Converting all his wealth into money, he stored it in a dozen chests and secured transportation for it on the vessel of his wife's pretended friend, Captain Farnham. The young pair embarked for New York, but on the voyage the young mother, after the birth of a daughter, died, and Farnham murdered the unhappy young widower, and pretended that he had committed suicide while in a frenzy of grief at the loss of his wife.
The babe was cared for by a sailor's wife until they reached Pirate Beach, when he placed it in the care of old Meg, whom he had promised to marry.
He stored the stolen gold in the cellar of his old house, Gray Gables, and kept its hiding-place a secret, but he promised that Jack should marry the little Juanita when she grew up, and become master of the great treasure.
Later, when the murdered man's sister, Pepita, came to America to seek her brother, the miser, fearing she would detect his villainy, had sent her an anonymous letter, acknowledging her little niece's existence, and promising if she would come at once, and secretly, to deliver Juanita into her hands.
She went, fell into the spider's web, and met death in the gold-vault, from whence her bleached skeleton had now been removed, to rest in a consecrated grave.
When Jack Dineheart, listening at his mother's door that night, first learned that his fiend of a father had married the girl promised in her infancy to his son, he had gone mad with jealous rage for himself, and honest pity for the lovely girl doomed to fall into the power of her father's murderer.
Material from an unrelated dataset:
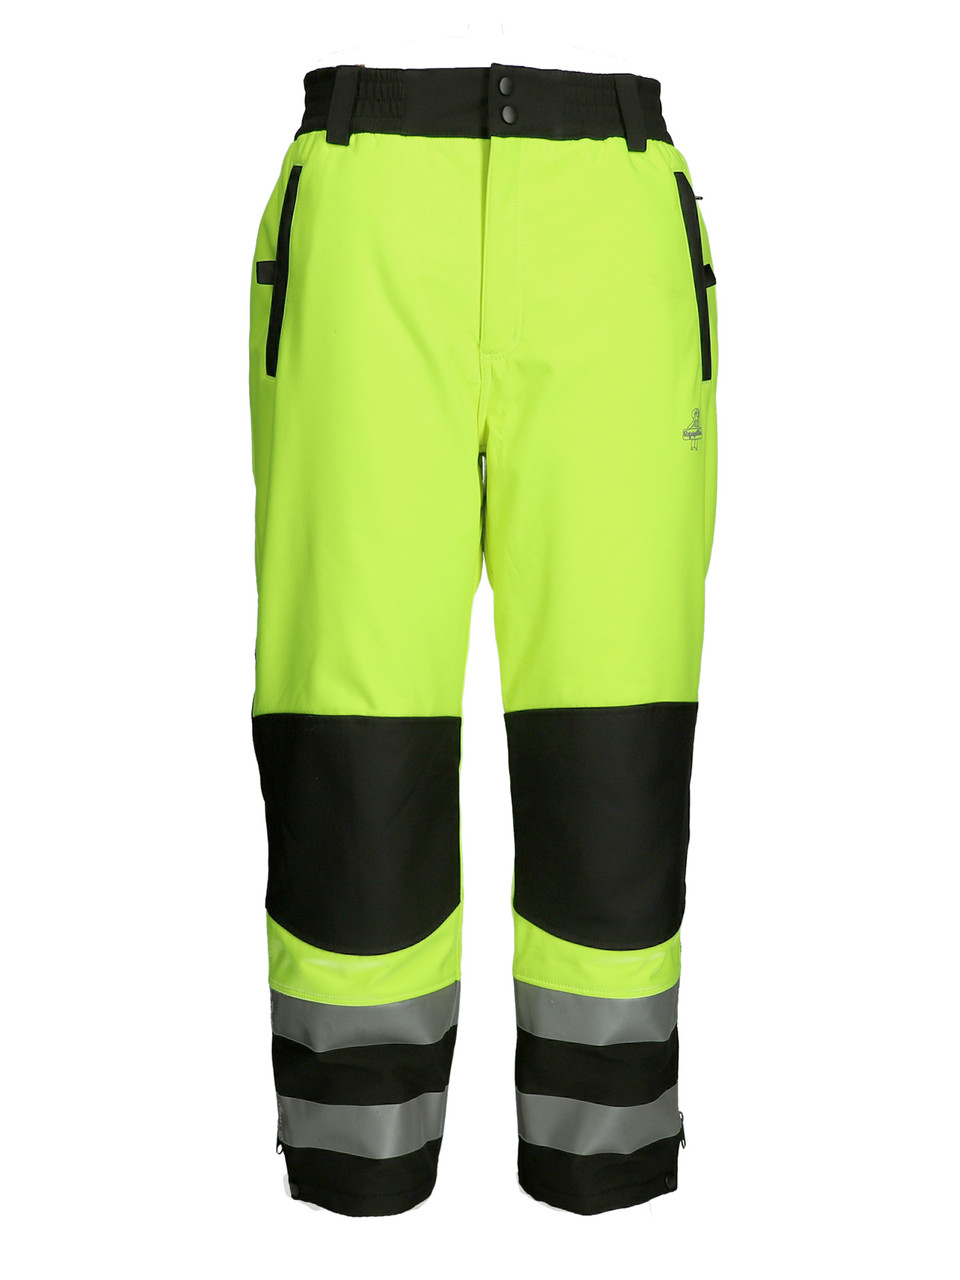 HiVis Insulated Waterproof Pants (9325), ANSI Class E, Rated for 0°F

To avenge his own wrongs and to save Nita from a fiend, Jack Dineheart had slain his father.
The miserable parricide and his whining old mother were led away to prison to be tried for Miser Farnham's murder, and for conspiracy against the life of Lizette Brittain.
A few months later the old fortune-teller was sentenced to imprisonment for life, and her son was condemned to be electrocuted.
Long before the sentence of death was executed the prisoner became violently insane, and, attempting to murder one of the wardens in the prison, was shot dead.
Old Meg, whose affections had been centered on Jack, after his death never held up her head, dying very suddenly one day, when she had been in prison barely two years.